Woody Coley on why CRE should have a seat in the C-Suite.

An image of Google’s Zurich office, where the CRE team worked tirelessly to create a space that supports the company’s brand, culture, and bottom line. Image is courtesy of Chris Coleman, and originally appeared in the August 16, 2015 recap of our San Francisco TALK.

Were McKinsey or Bain to research the path of CEOs from gangly entry-level employees to the C-Suite, they’d probably confirm that few had gained that title from decades of working in the corporate real estate office. However, today’s most effective executives are harnessing its power to amplify their brand, culture, and, ultimately, their bottom line.

We frequently hear that the building blocks of great companies are leadership, sound strategies, a winning culture, deep talent pool, and the collective tenacity to pursue excellence. You might ask, “Where is corporate real estate in that collection of superlatives?”.

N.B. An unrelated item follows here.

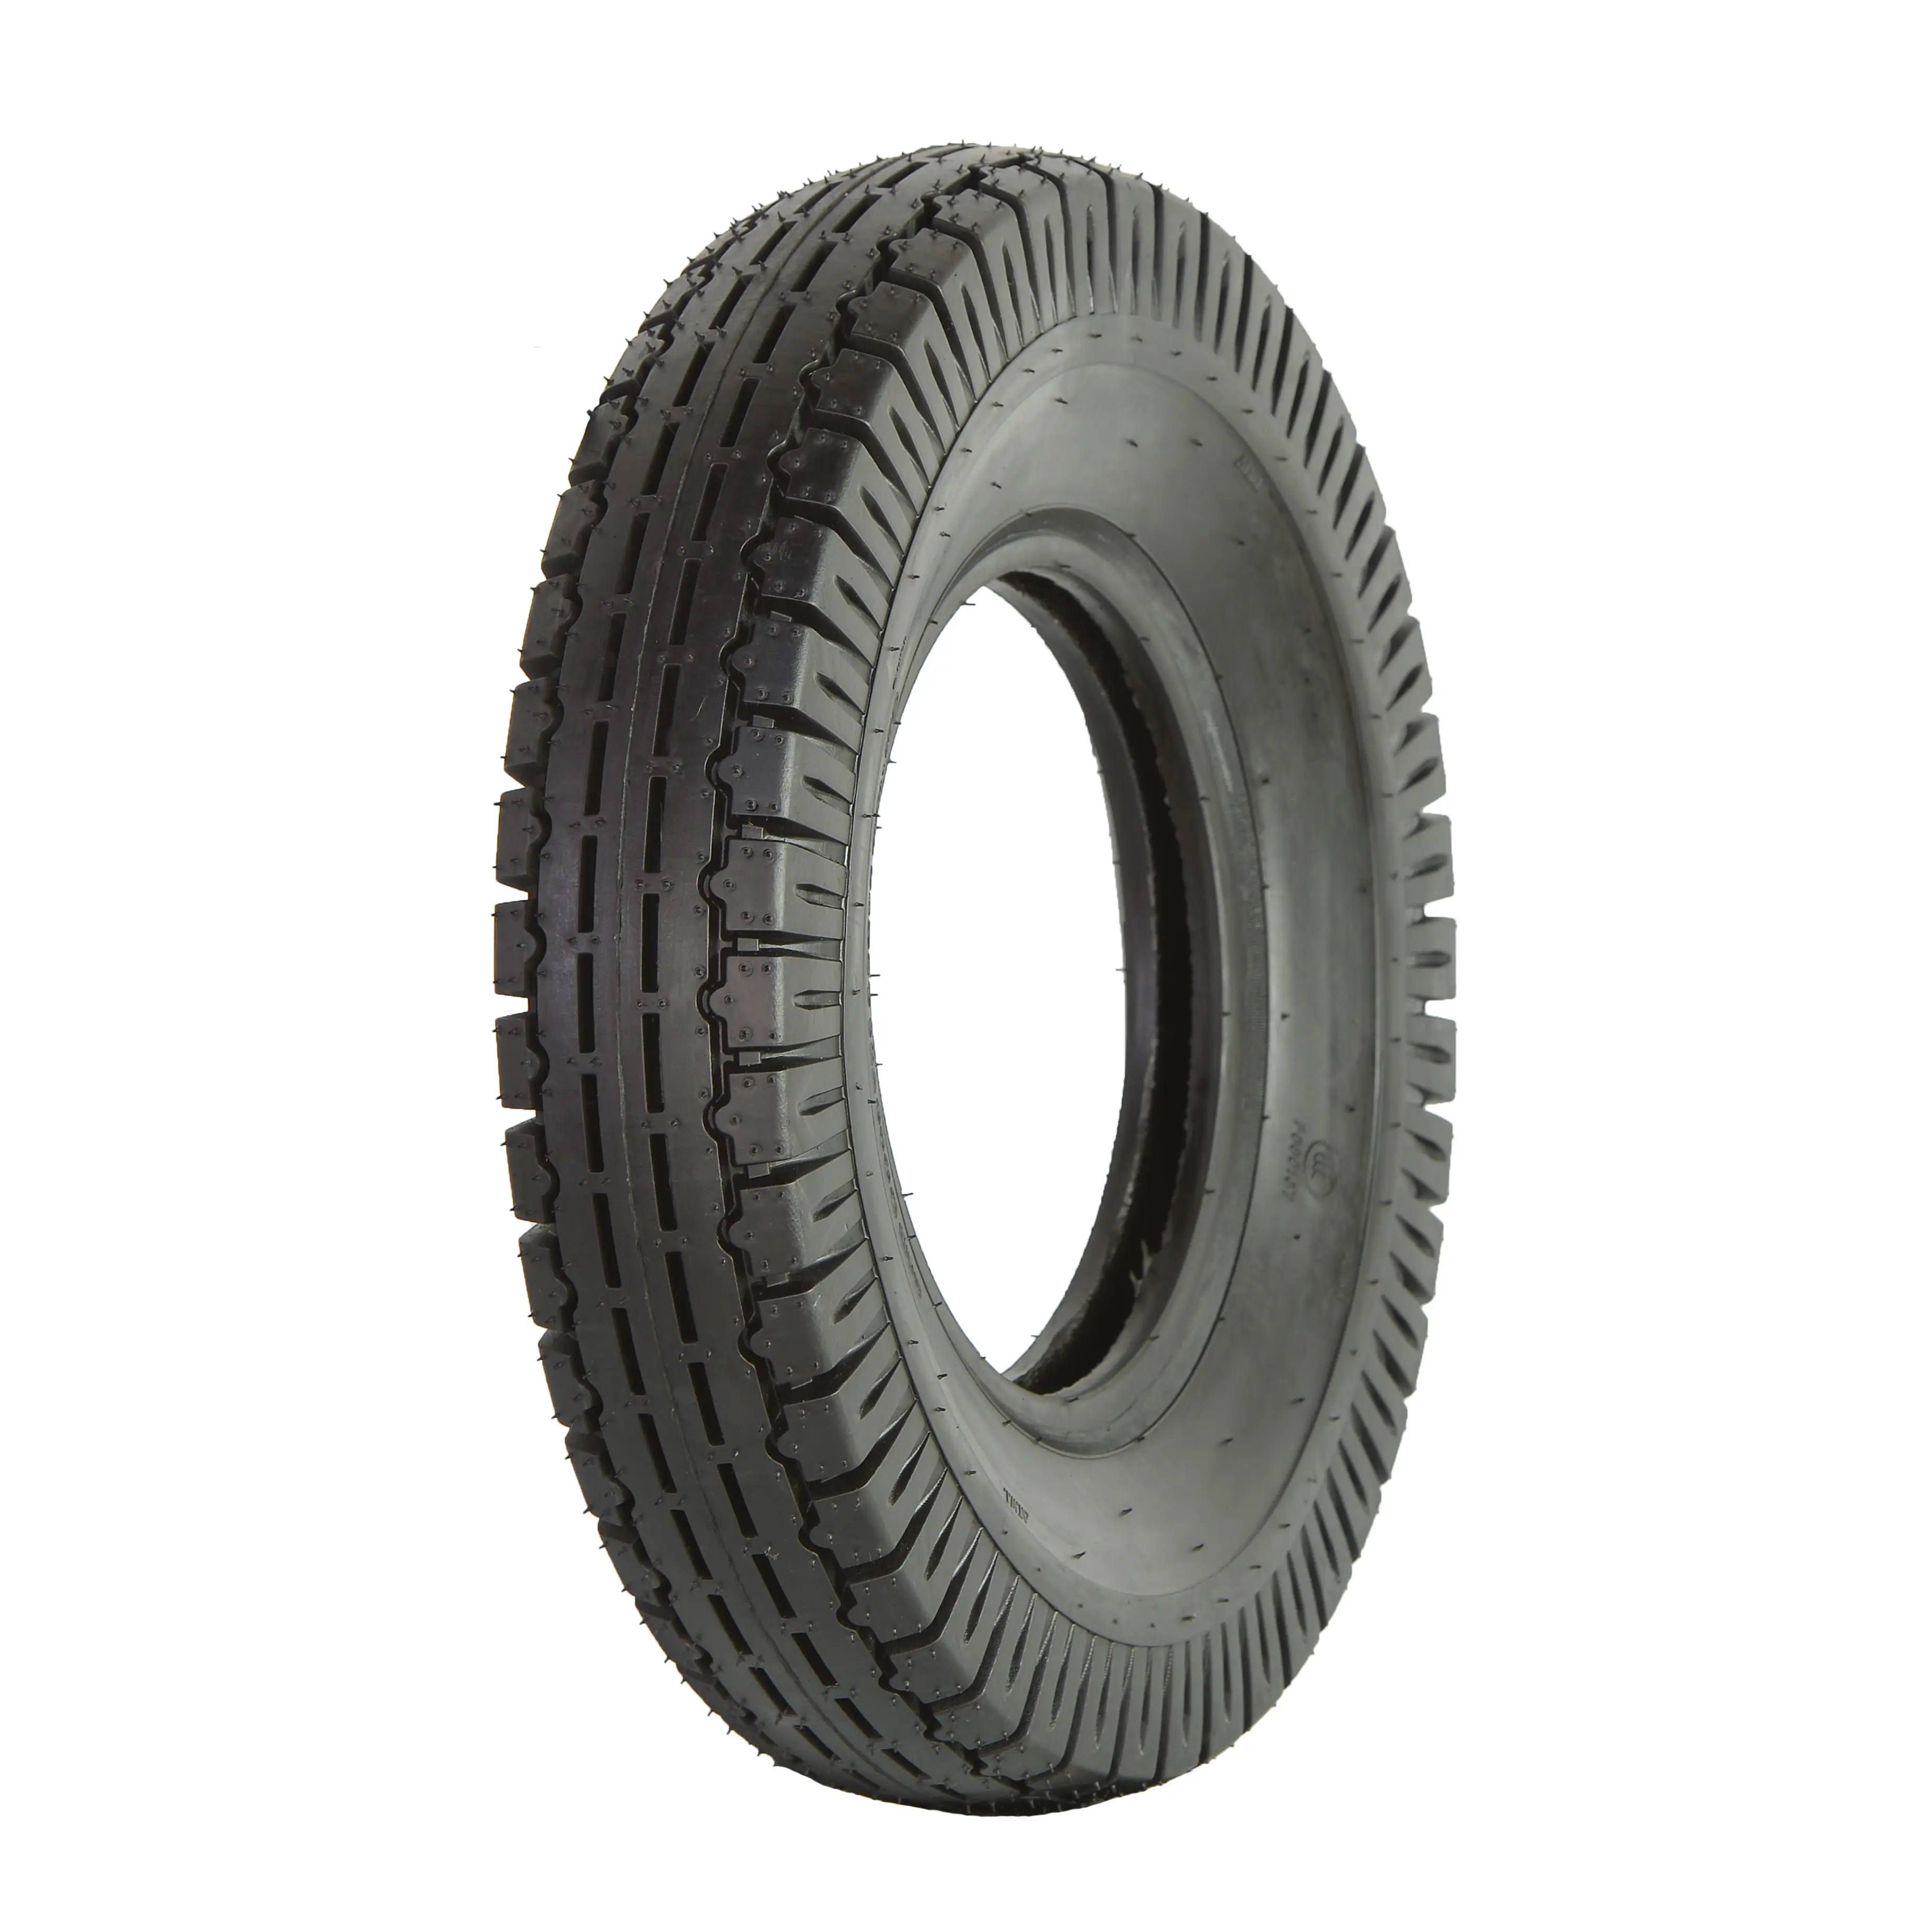 KTA High Quality 4.00-8 Tricycle tire Motorcycle Wheels Tires Install Ability Motorcycle Tires
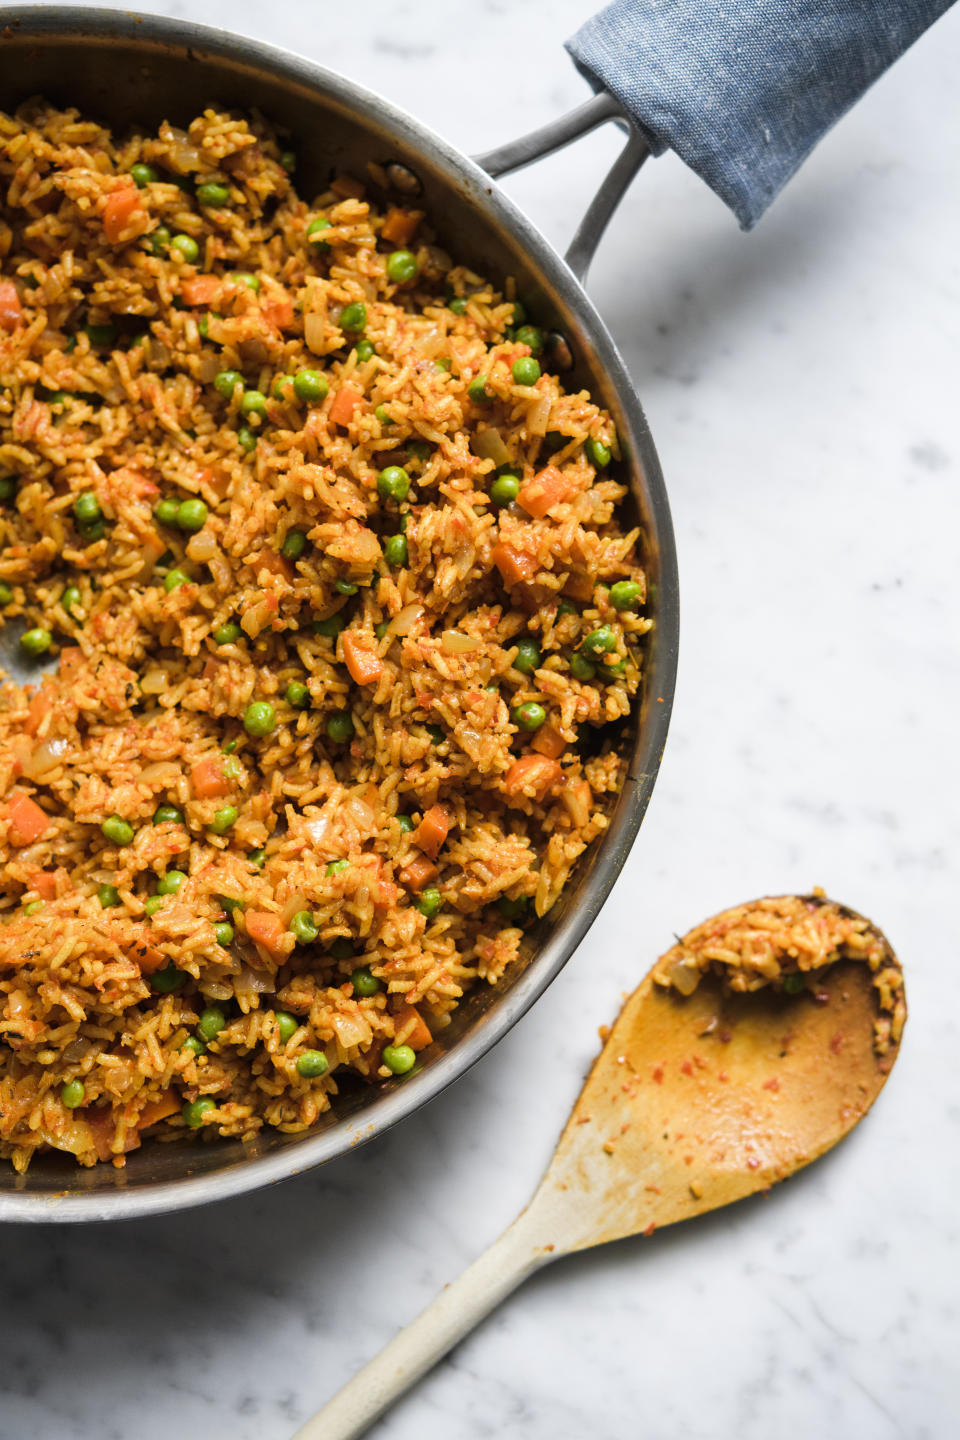 This image released by Milk Street shows a recipe for Jollof Rice. (Milk Street via AP)

For companies where growth is tied to its human capital, the answer is woven into almost every fiber of corporate existence, and most especially its forward progress, or lack thereof. Let’s segment the discussion into emerging, small cap, mid-cap, and large cap firms, as each reaches a stage where capital and scale change the way that real estate is used to enable their success.

Real estate matters, even for startups

Certainly the emerging firms are the most capital constrained. Great ideas are born in tiny rental houses in Palo Alto, or garages in Minneapolis. The corporate real estate function would be defined as providing work benches, bandwidth, music, and lots of coffee. Nevertheless, the physical environment still impacts the speed with which communication occurs, and the setting within which deep relationships and passionate goals are formed and achieved.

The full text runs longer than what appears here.